SEATTLE -- The Mariners absorbed much of the Major League spotlight during the Ken Griffey Jr. era in the late 1990s and into the turn of the millennium with the rest of an All-Star cast, many of whom are in or could be on their way to the Hall of Fame.
Seattle’s record of 116 wins in a season in 2001 has been touted by many to be among the most monumental in Major League history -- only the 1906 Cubs have matched that feat -- so of course, that campaign stands out above all when assessing each of the Mariners’ all-time best seasons.
Below are the Top 5 best seasons in Mariners history:
1) 2001: 116-46
The number “116” still remains synonymous with Seattle baseball, the year that the Mariners rode the wave of new faces Ichiro Suzuki and Mike Cameron, and a familiar one in Bret Boone, to the most wins in a single season in almost a century. In an era before viral became viral, Suzuki was a sensation, winning the American League batting title with a .350 average, tallying an unprecedented 242 hits and becoming just the second player in MLB history to win the Rookie of the Year and MVP Awards in the same season. He was one of a whopping eight Mariners to be selected to that year’s All-Star Game -- which was held in Seattle.
Seattle’s magic didn’t quite continue in the postseason, with a five-game defeat in the AL Championship Series to the Yankees, who were playing with extra motivation in the wake of 9/11. But despite their October shortcomings, the 2001 Mariners remain one of the greatest teams of their era, if not all time.
2-T) 2002: 93-69
Seattle didn’t let its 2001 postseason disappointment carry over the following year, riding the same core that set records to another impressive season, while drawing a franchise-record 3,542,938 fans to Safeco Field -- an average of 43,740 per game, which falls just shy of the venue’s capacity. That year also saw one of the best days at the dish for any Mariner all-time, with Cameron becoming the first player in team history and one of just 18 players in MLB history to homer four times in a single game.
The Mariners held first place in the AL West from the ninth game of the season until Aug. 23, when their tumble to a 16-18 record over the final month-plus began. Though Seattle finished with 93 wins, normally enough to reach the postseason, the club fell two games shy of the AL Wild Card and thus began its lengthy October drought.
2-T) 2003: 93-69
The ’03 club was best known for its wire-to-wire starting pitching staff, as the Mariners used just five over the entire 162-game season -- a feat no MLB club had accomplished before or has since, dating back to the Mariners’ inception in 1977. The Iron Men were Ryan Franklin, Freddy Garcia, Gil Meche, Joel Pineiro and ace Jamie Moyer, who led the staff with a 21-7 record and 3.27 ERA. The lanky lefty earned his first All-Star bid in his age-40 season. He was one of five selected to the Midsummer Classic, with Ichiro, Edgar Martinez, Shigetoshi Hasegawa and Washington-state native Willie Bloomquist.
Despite another 93-win season, the Mariners once again fell victim to playing in a loaded AL West, finishing in second place behind the A’s (96 wins) to fall short of the postseason.
4) 2000: 91-71
The Mariners entered 2000 reeling from the offseason trade of Griffey to the Reds, which sent shockwaves throughout the organization and drew apprehension from the media and concern from the fans.
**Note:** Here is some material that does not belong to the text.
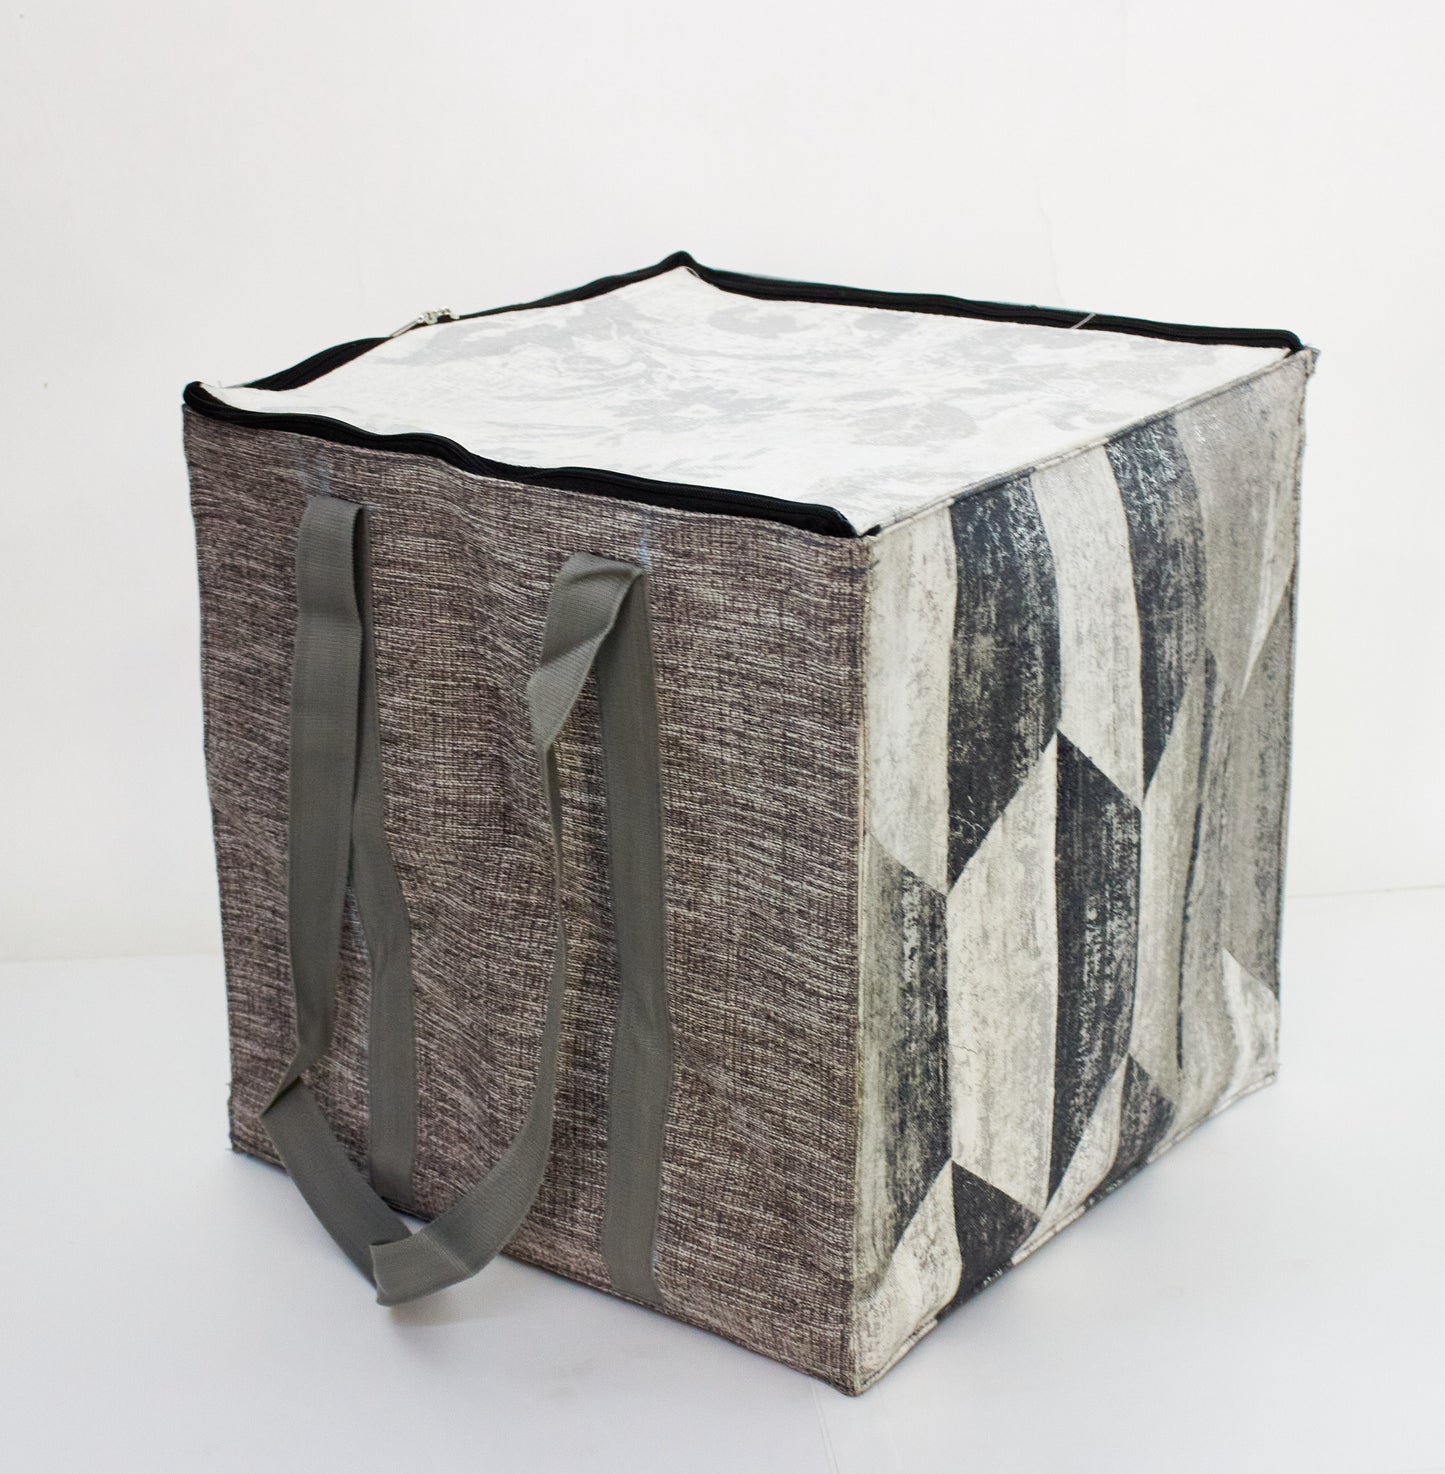 Black & White with Grey Handle -Foldable Box Bag - Made by People with Disabilities

But with Alex Rodriguez entering his prime, Martinez still as consistent as ever, the free-agent acquisition of John Olerud and Cameron blossoming into a surprisingly more-than-worthy replacement in center field, the Mariners marched their way to the postseason for just the third time in history as the AL Wild Card.
Despite losing their grasp of first place in the division during the final days of the regular season, the Mariners got on a tear in the AL Division Series and swept the 95-win White Sox handily, with the Game 3 clincher being the first playoff game held at Safeco Field. The Mariners even took the eventual World Series champion Yankees to six games in the ALCS.
5) 1997: 90-72
Led by Griffey’s AL MVP Award-winning season, Seattle surged through ’97 with an all-time power-hitting lineup. Griffey’s franchise-record 56 home runs were part of a then-MLB-record 264 that the Mariners hit -- a high mark that stood until 2018 -- and he was one of six players to hit at least 20. Only one other team in MLB history had more players to hit that many in a single season at the time. The Mariners also drew more than three million fans for the first time in franchise history in 1997, but their bats went cold during the ALDS against the Orioles, as Seattle collectively slashed .218/.257/.391 in the four-game defeat.